Differences like these suggest asking whether some teams are better at limiting injuries than others. Ben Lindbergh (with the help of Russell Carleton) tried to tackle this issue a few days ago in the context of the Pirates’ remarkable run of injury prevention. They found little detectable signal of any team having an ability to reduce injuries.

However, their study was not without caveats. For one thing, they did not control for the players on each team, and we know that certain players are more likely to suffer injuries than others. Because players turn over from year to year, it stands to reason that failing to control for their unique injury probabilities could confound an analysis of the team’s injury-prevention abilities. (This caveat was noted in the article.)

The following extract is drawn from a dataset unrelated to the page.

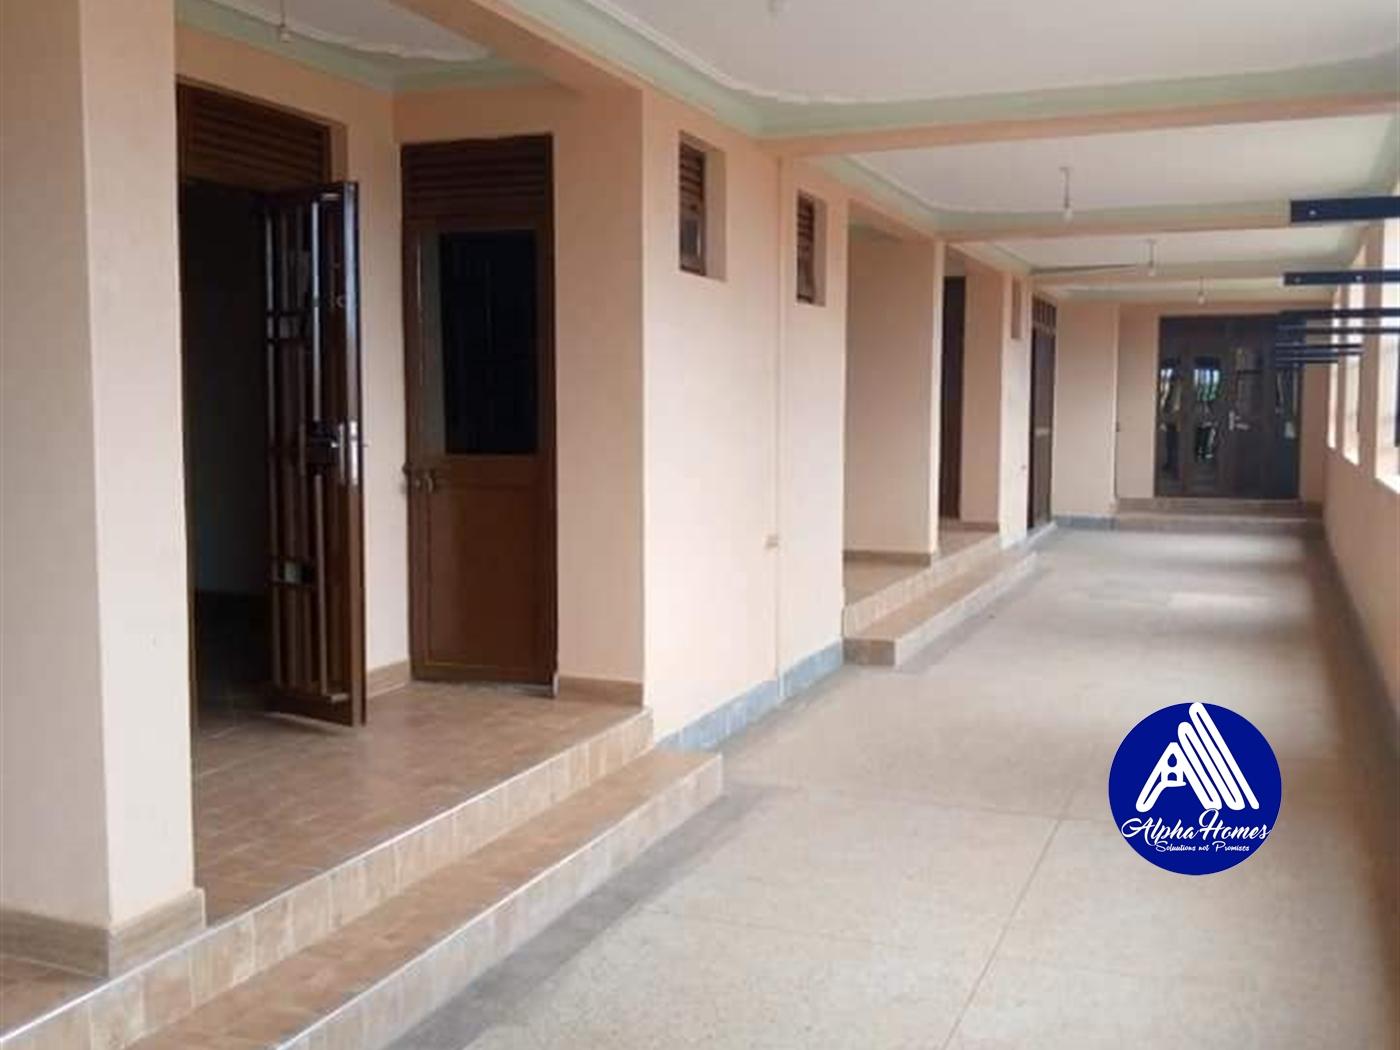 Apartment for rent in Kanyanya Kampala

I decided to undertake a deeper analysis of injury at the team level by controlling for the players involved. I showed in a previous article that the major determinants of days missed are 1) the number of days the player missed in each of the three years prior, and 2) age. The former encompasses the effect of a player’s injury history, the latter the natural buildup of risk due to senescence. With this said, the majority of the predictive power of the model stems from the days missed in the two prior years. Because all four variables (age and injury history in the last three years) are correlated with each other, most of the information about a player’s injury proneness can be captured in the days he has missed in only the last two years.

I built my models only taking into account these two variables for each player’s days missed in a year, as well as considering a team-specific effect.1 I used the last six full years of data (2007-13) from Corey Dawkins’ extensive database.

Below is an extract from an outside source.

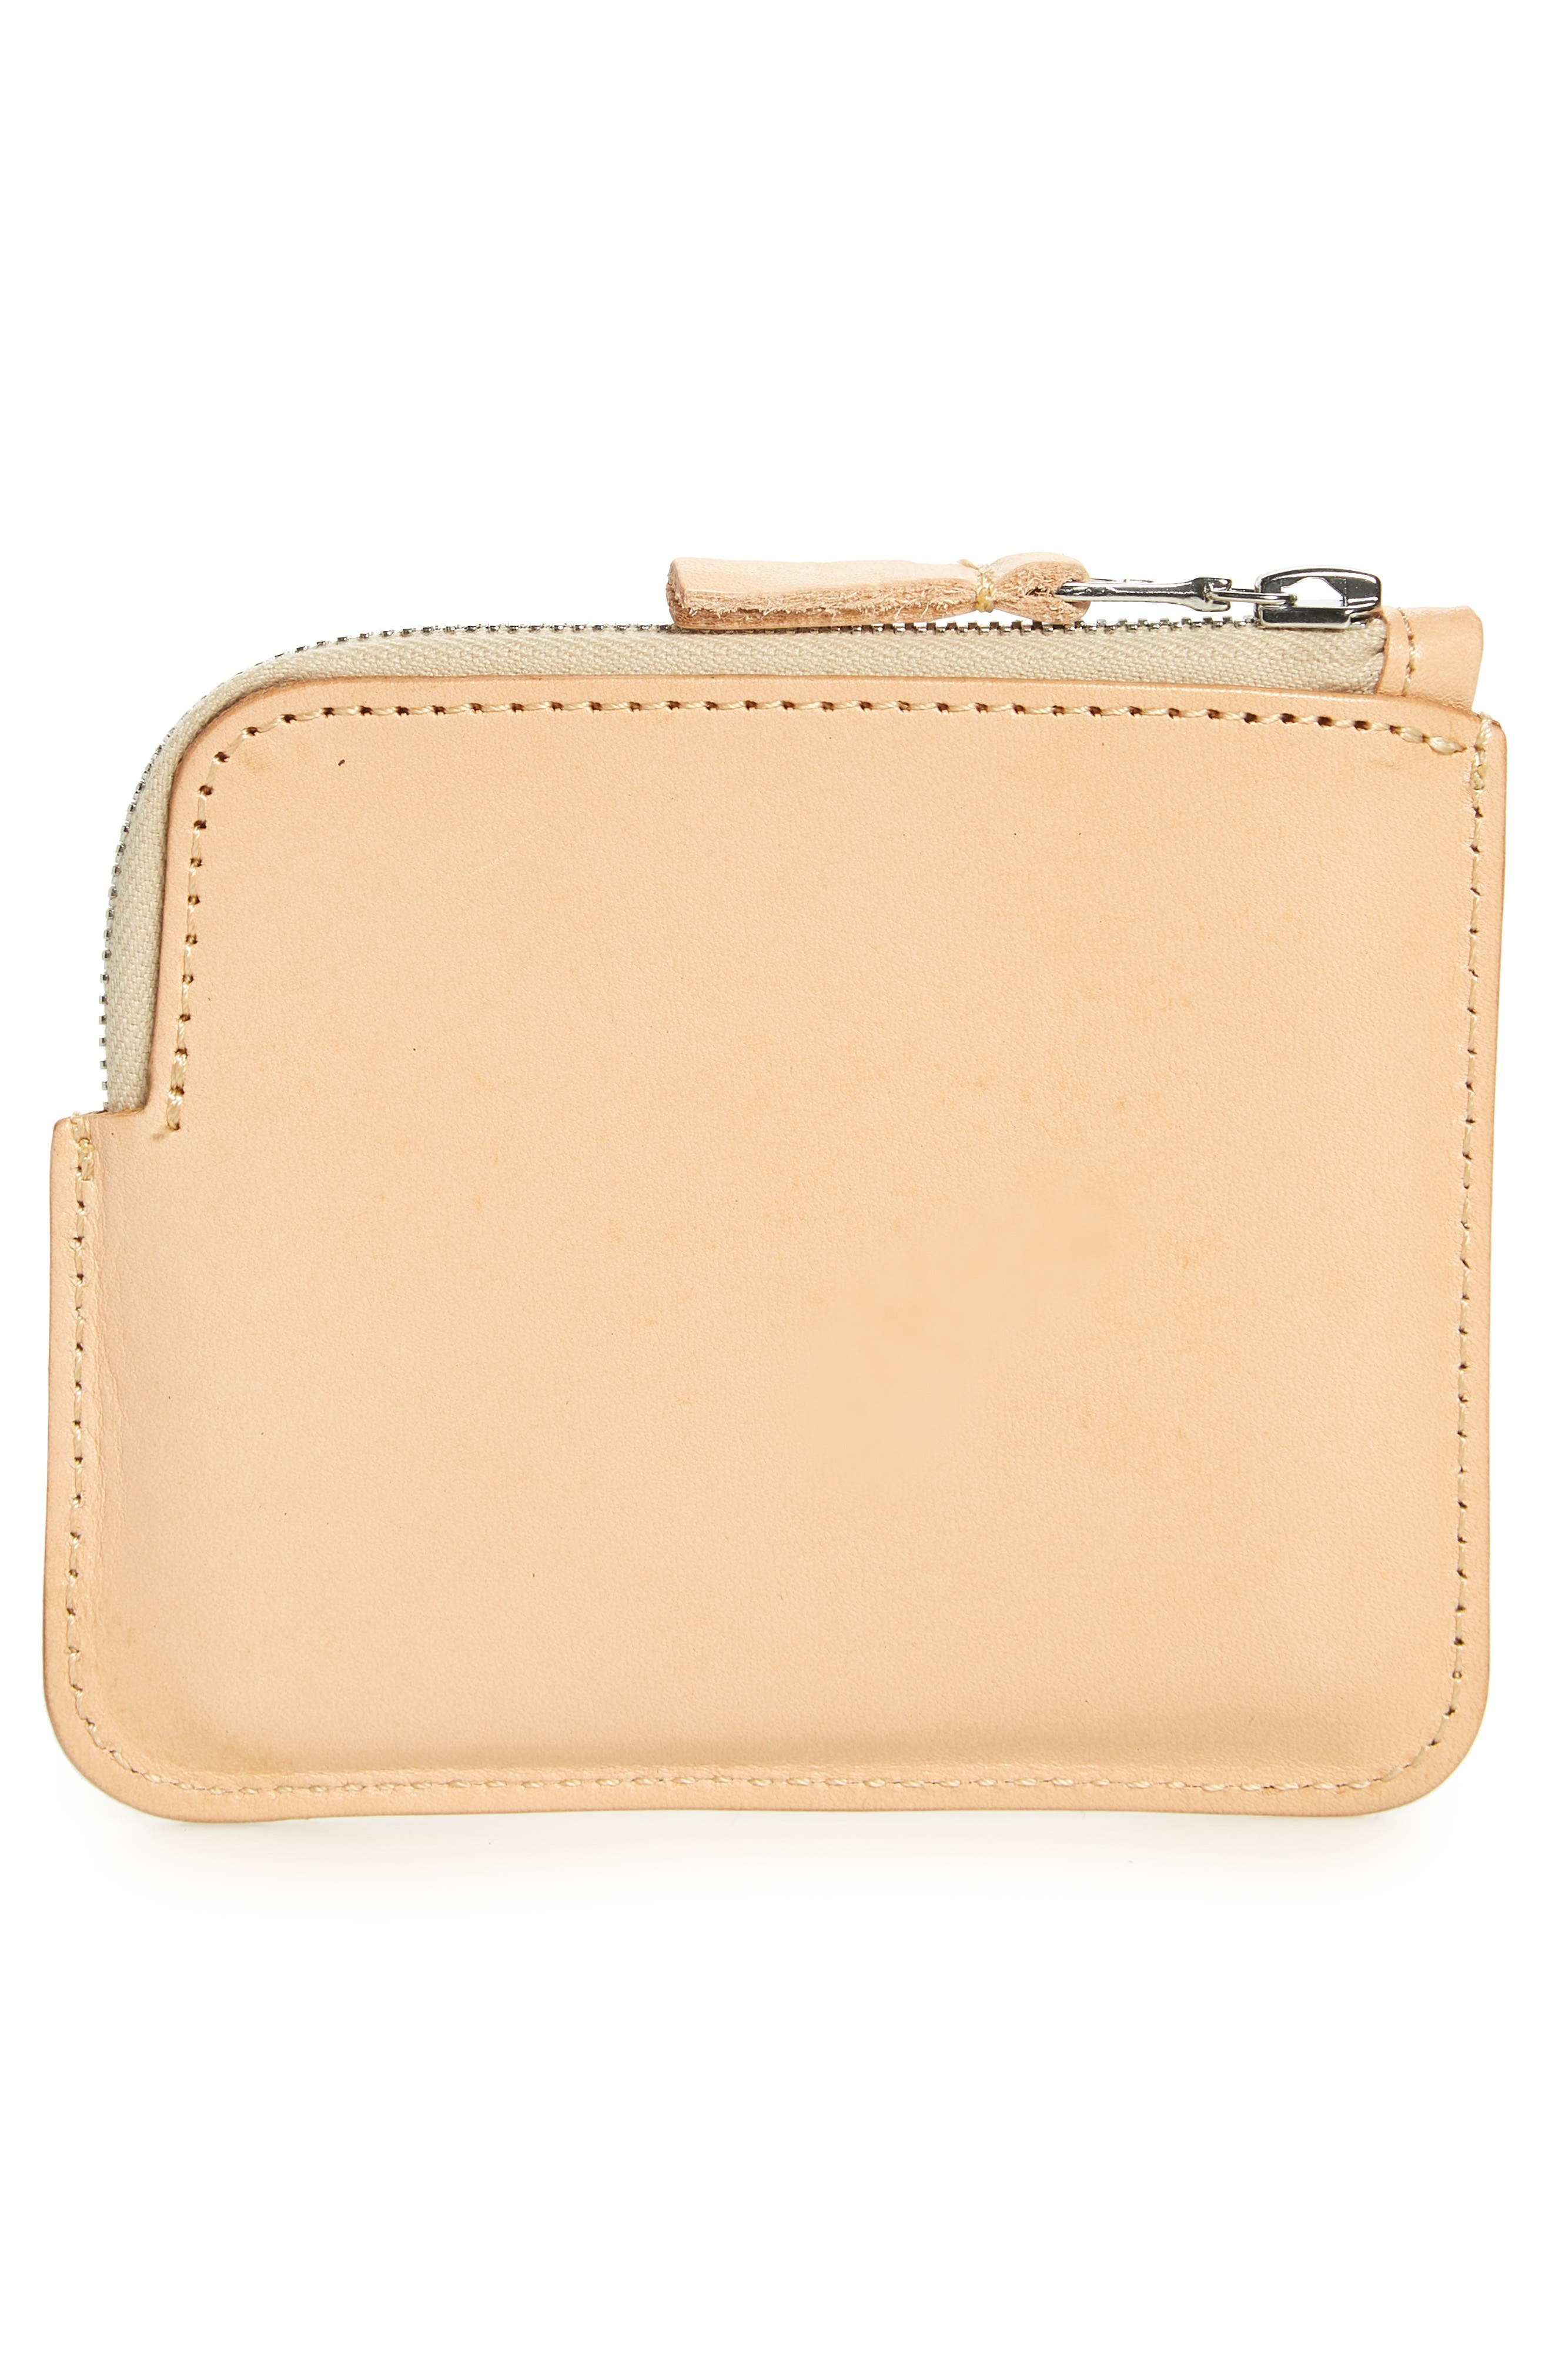 Leather Half Zip Wallet,                             Alternate thumbnail 2, color,                             Vegetable Tan

In the combined dataset, covering all years and both position players and pitchers, I found no significant associations between teams and the total days missed of each player. As expected, days missed in the previous year had the most significant impact,2 but the most significant p-value I observed for a team effect was that exercised by the Chicago White Sox. That’s to be expected: The White Sox had a remarkable run of well-being, seemingly producing healthy squads every year. But for all that, and an impressive estimated coefficient (-11 days missed per player), the p-value was a poor .086. It’s not impossible that the White Sox had an impact, but one would expect to see a p-value like that by chance alone (after having tested 30 different possible team effects), so no robust conclusions could be drawn.

Perhaps, I thought, teams have more of an effect within a single season than across multiple years. I broke the data down into individual years, and looked for team effects at that scale. No significant results arose. I split it by hitters vs. pitchers, repeating the analysis both across all years and within years. Still nothing.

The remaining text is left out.